Posts Tagged ‘semisimple’

Throughout k is a field, K is the algebraic closure of k and A is a finite dimensional central simple k-algebra.

Lemma. A \otimes_k K \cong M_n(K), for some integer n.

Proof. Let S:=A \otimes_k K. By the first part of the corollary in this post we know that S is simple. We also have

Z(S) = Z(A) \otimes_k K = k \otimes_k K \cong K.

It is easy to see that if \{a_i \} is a k-basis for A, then \{a_i \otimes_k 1 \} is an K-basis for S. Thus \dim_K S = \dim_k A. So S is a finite dimensional central simple K-algebra and hence, since K is algebraically closed, S \cong M_n(K), for some n, by Remark 2 in this post. \Box

Theorem. If A is a finite dimensional central simple k-algebra, then \dim_k A is a perfect square.

Proof.  By the lemma, there exists an integer n such that A \otimes_k K \cong M_n(K). Thus

\dim_k A = \dim_K A \otimes_k K = \dim_K M_n(K) = n^2. \ \Box

Definition. The degree of A is defined by \deg A = \sqrt{\dim_k A}.

Remark. Let R be a finite dimensional k-algebra. Then R is reduced if and only if R is a finite direct product of finite dimensional division k-algebras. In this case, \dim_k R=n^2\dim_k Z(R) for some integer n \geq 1.

Proof. obviously R is (left) Artinian because \dim_k R < \infty and so J(R) is nilpotent. Thus J(R)=(0) because R is reduced and so R is semisimple. The result now follows from the Artin-Wedderburn theorem. The converse is trivial. Finally, the fact that, by the above theorem, \dim_{Z(D)}D is a perfect square for any finite dimensional division algebra D, proves the last part of the remark.  \Box


Definition. A ring R is called von Nemann regular, or just regular, if for every a \in R there exists x \in R such that a=axa.

Remark 1. Regular rings are semiprimitive. To see this, let R be a regular ring. Let a \in J(R), the Jacobson radical of R, and choose x \in R such that a=axa. Then a(1-xa)=0 and, since 1-xa is invertible because a is in the Jacobson radical of R, we get a=0.

Examples 1. Every division ring is obviously regular because if a = 0, then a=axa for all x and if a \neq 0, then a=axa for x = a^{-1}.

Example 2. Every direct product of regular rings is clearly a regular ring.

Example 3. If V is a vector space over a division ring D, then {\rm End}_D V is regular.

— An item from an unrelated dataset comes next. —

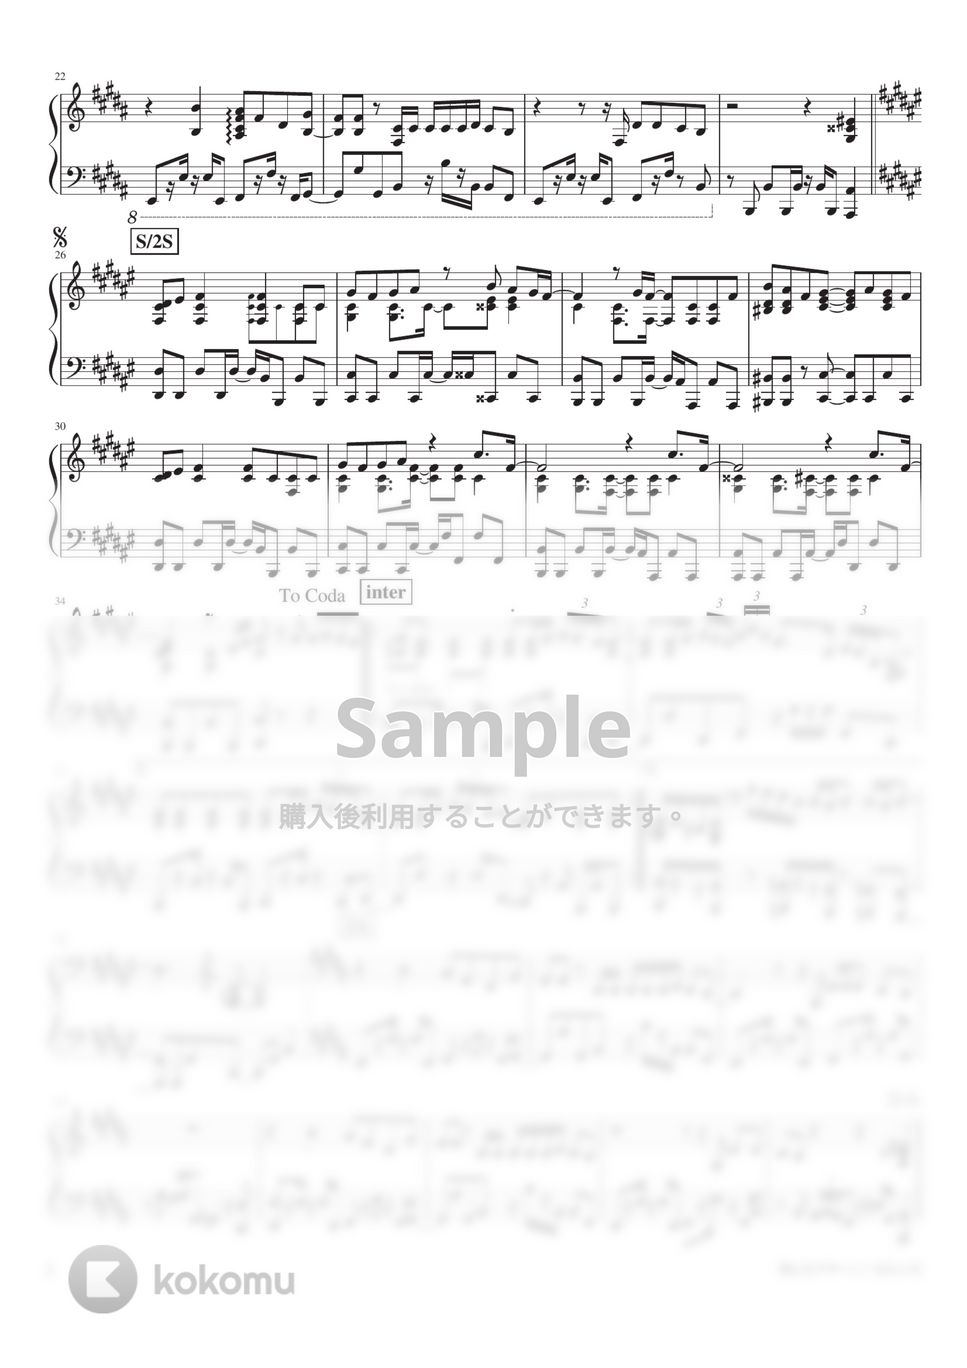 ヨルシカ - 雨とカプチーノ (PianoSolo) by 深根 / Fukane
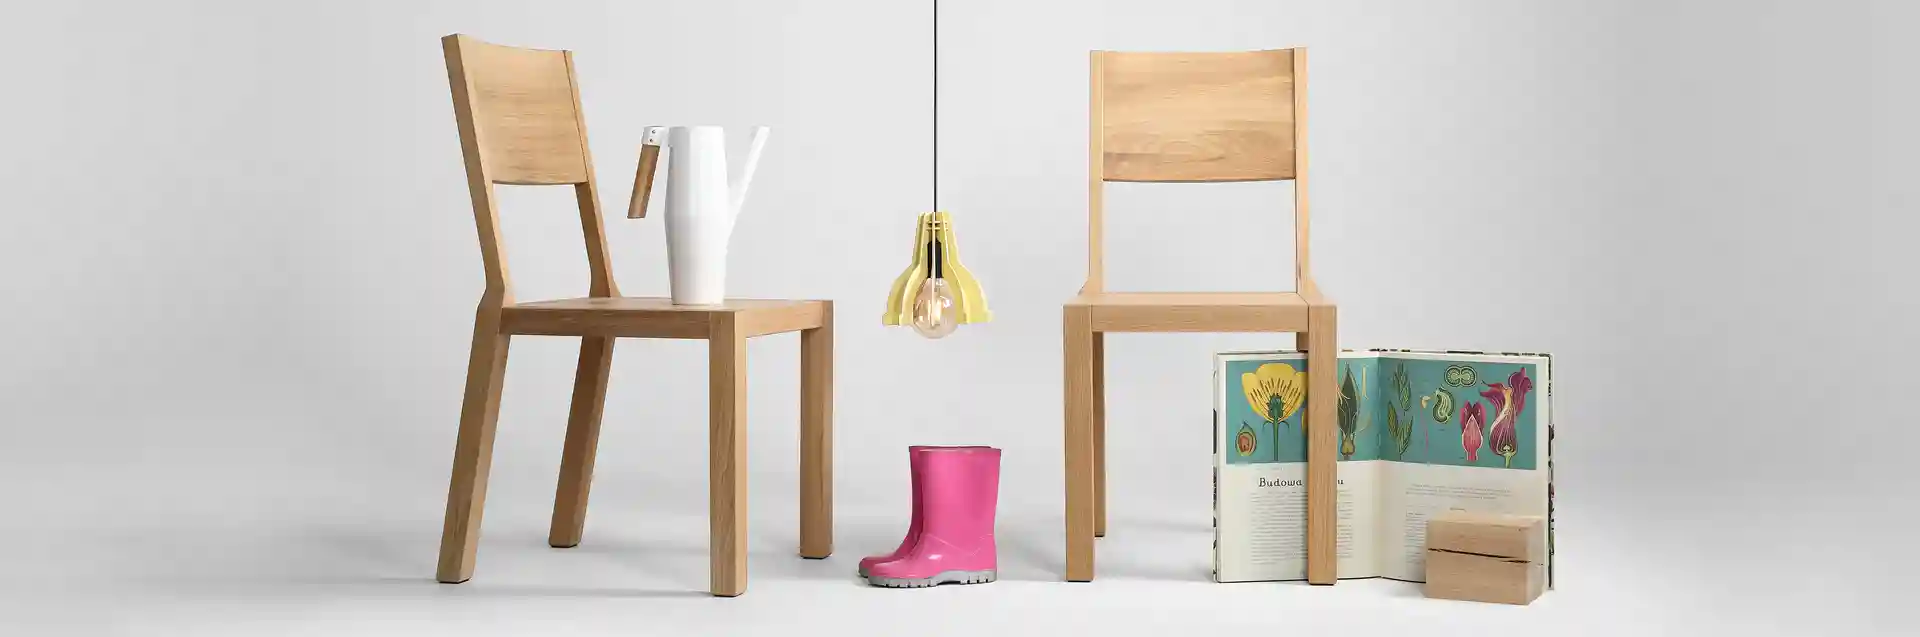 Krzesło z drewna dębowego MILONI BLOX, Kolor: 03: Natural, Wymiary: Dł: 45 x Sz: 44 x Wys: 45 cm, polskie krzesła z drewna, drewniane krzesło, dębowe krzesła

Proof. Let R={\rm End}_D V and f \in R. There exist vector subspaces V_1, V_2 of V such that \ker f \oplus V_1 = {\rm im}(f) \oplus V_2 = V.  So if u \in V, then u=u_1+u_2 for some unique elements u_1 \in {\rm im}(f) and u_2 \in V_2. We also have u_1 = v_1 + v for some unique elements v_1 \in \ker f and v \in V_1. Now define g: V \longrightarrow V by g(u)=v. It is obvious that g is well-defined and easy to see that g \in R and fgf=f. \ \Box

Example 4. Every semisimple ring is regular.

Proof. For a division ring D the ring M_n(D) \cong End_D D^n is regular by Example 3. Now apply Example 2 and the Wedderburn-Artin theorem.

Theorem. A ring R is regular if and only if every finitely generated left ideal of R is generated by an idempotent.

Proof. Suppose first that every finitely generated left ideal of R can be generated by an idempotent. Let x \in R. Then I=Rx = Re for some idempotent e. That is x = re and e=sx for some r,s \in R. But then xsx=xe=re^2=re=x. Conversely, suppose that R is regular. We first show that every cyclic left ideal I=Rx can be generated by an idempotent. This is quite easy to see: let y \in R be such that xyx=x and let yx=e. Clearly e is an idempotent and xe=x. Thus x \in Re and so I \subseteq Re. Also e=yx \in I and hence Re \subseteq I. So I=Re and we’re done for this part. To complete the proof of the theorem we only need to show that if J=Rx_1 + Rx_2, then there exists some idempotent e \in R such that J=Re. To see this, choose an idempotent e_1 such that Rx_1=Re_1. Thus J=Re_1 + Rx_2(1-e_1).  Now choose an idempotent e_2 such that Rx_2(1-e_1)=Re_2 and put e_3=(1-e_1)e_2. See that e_3 is an idempotent, e_1e_3=e_3e_1=0 and Re_2=Re_3. Thus J=Re_1 + Re_3. Let e=e_1+e_3. Then e is an idempotent and J=Re. \Box

Corollary. If the number of idempotents of a regular ring R is finite, then R is semisimple.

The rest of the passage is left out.